So, I think there are other areas where surveys could still be beneficial in lab stewardship and I think it’d be great if they could be administered through perhaps organizations that might be able to be more persuasive in obtaining participation, but information we did not collect was--we didn’t try to separate outpatient laboratory testing from inpatient laboratory testing in terms of stewardship because those are two very different, not only clinical environments but economic environments. That would be another interesting area.
We did not specifically reach out to pediatric academic laboratory leaders and I think that would be another area that could be further expanded. And we did not ask for details on committee governance and policies. For instance, I’m very confident that most laboratory stewardship committees have some type of charter. It would be very interesting to review those and see what they have in common, where they are different, what we can learn from those.
And finally, it would be wonderful to have more detailed information about both successful and unsuccessful initiatives to improve lab utilization, both in the area of repeat testing and definitely in the area of send out testing, whether it’s genomic or non-genomic testing.
Randye Kaye:
Finally, you became co-chair of the inaugural Barnes-Jewish Hospital Laboratory Stewardship Committee in 2023. What have you learned from that experience?
Charles Eby:
Again, planning and starting a committee is one thing, co-leading it is another. So, we did start--our first committee meeting was in August 2023.

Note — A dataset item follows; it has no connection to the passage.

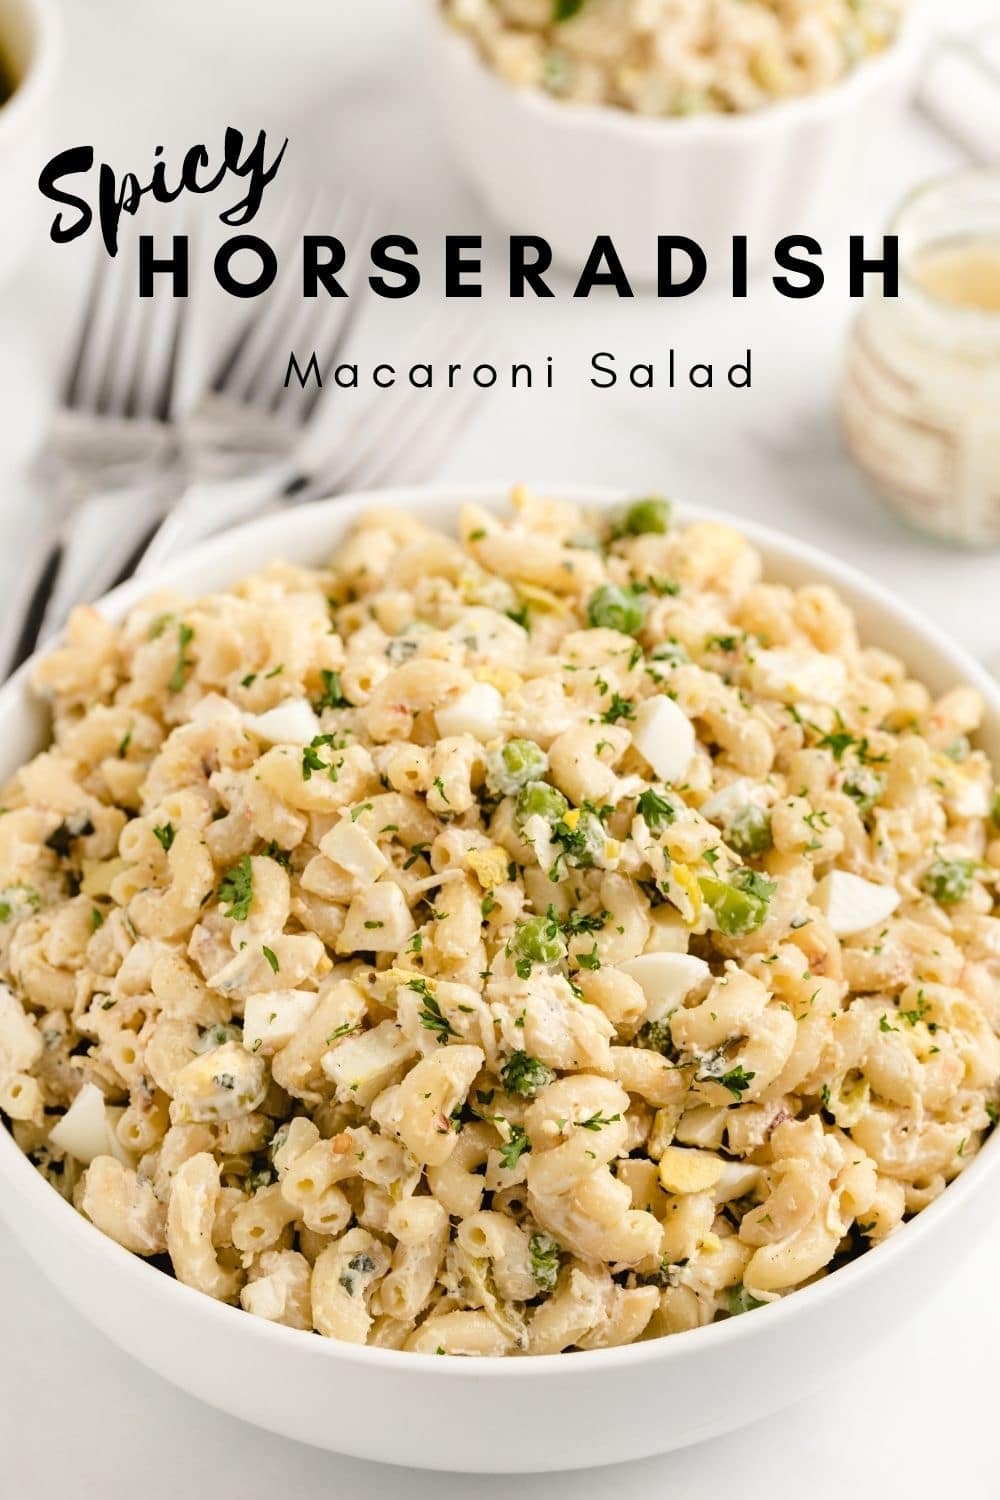 Spicy Horseradish Macaroni Salad easily becomes the star of party with its layers of flavor -think creamy noodles, a punchy-pickled veggie addition and fresh herbs. Macaroni salad is the perfect side dish for every gathering from grilling to potluck celebrations and effortlessly add pizzazz to weeknight dinners.  via @cmpollak1
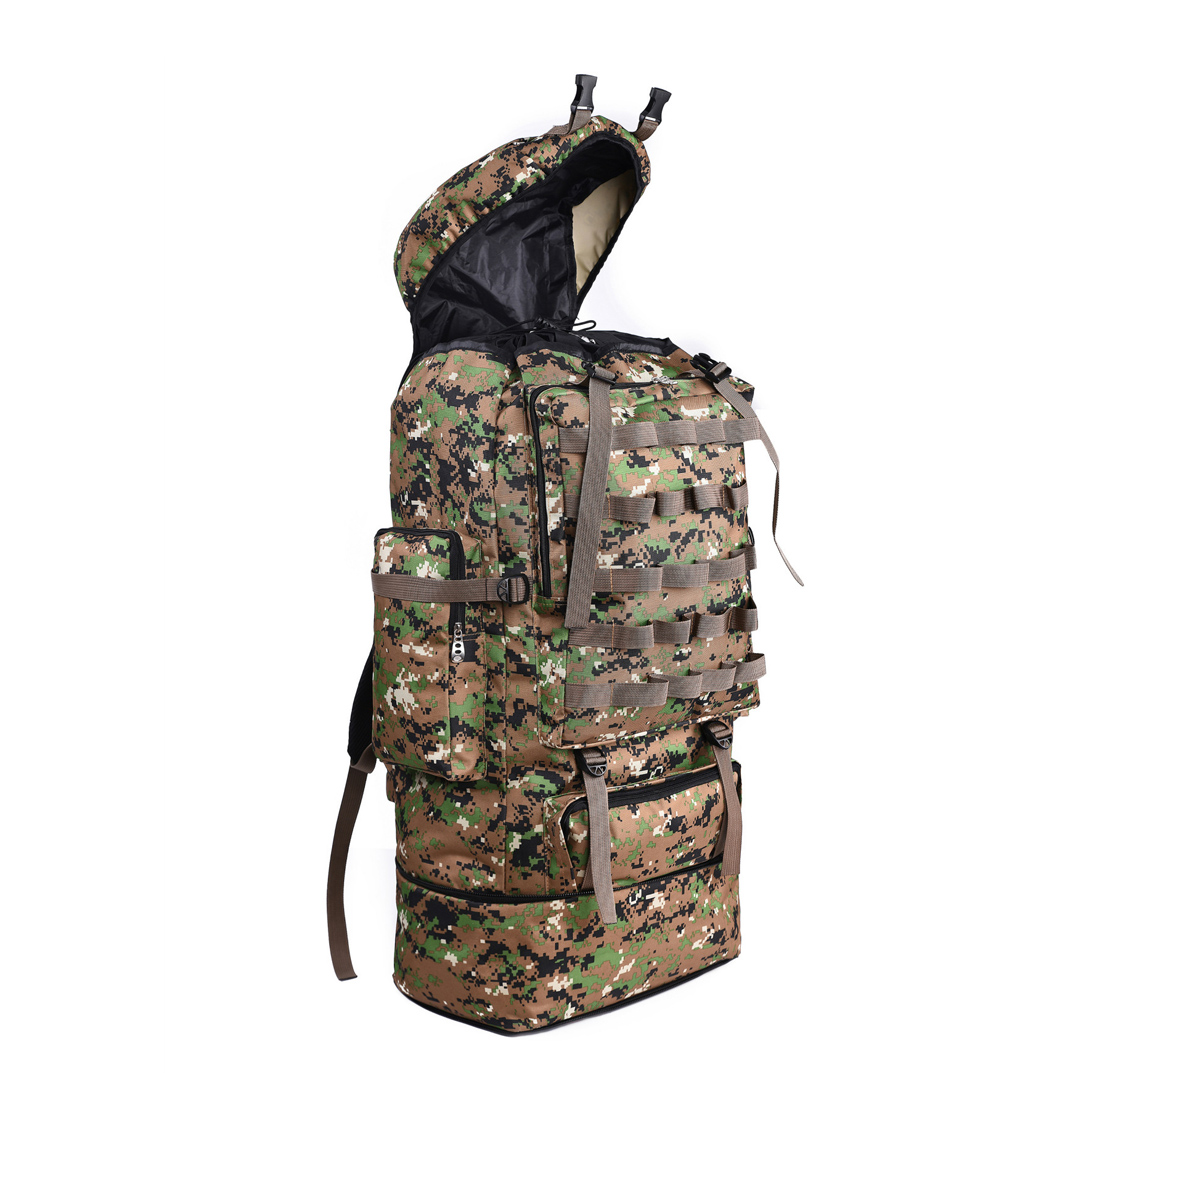 90-100L-Military-Tactical-Backpack-Waterproof-Molle-Climbing-Bag-Outdoor-Trekking-Camping-1865666-5

I think one of the first things I learned was that we needed to educate our committee members about the laboratory stewardship efforts that had been ongoing for decades and overseen by laboratory medicine faculty, really behind the scenes. And so, we spent much of our first year going through all of our laboratory test algorithms and some of our send out rules and regulations, and getting feedback from our clinicians, which almost always was supportive but in several cases, our clinicians pointed out where some of our existing rules or algorithms really were not up to date. And so, we made modifications.
At the end of the first year, we were able to then actually codify that we had a laboratory test formulary approved by the Laboratory Stewardship Committee and then also approved by the Counsel on Quality and Patient Safety at the Medical Executive Committee level. And so, now we have really a foundation that we can use to work forward.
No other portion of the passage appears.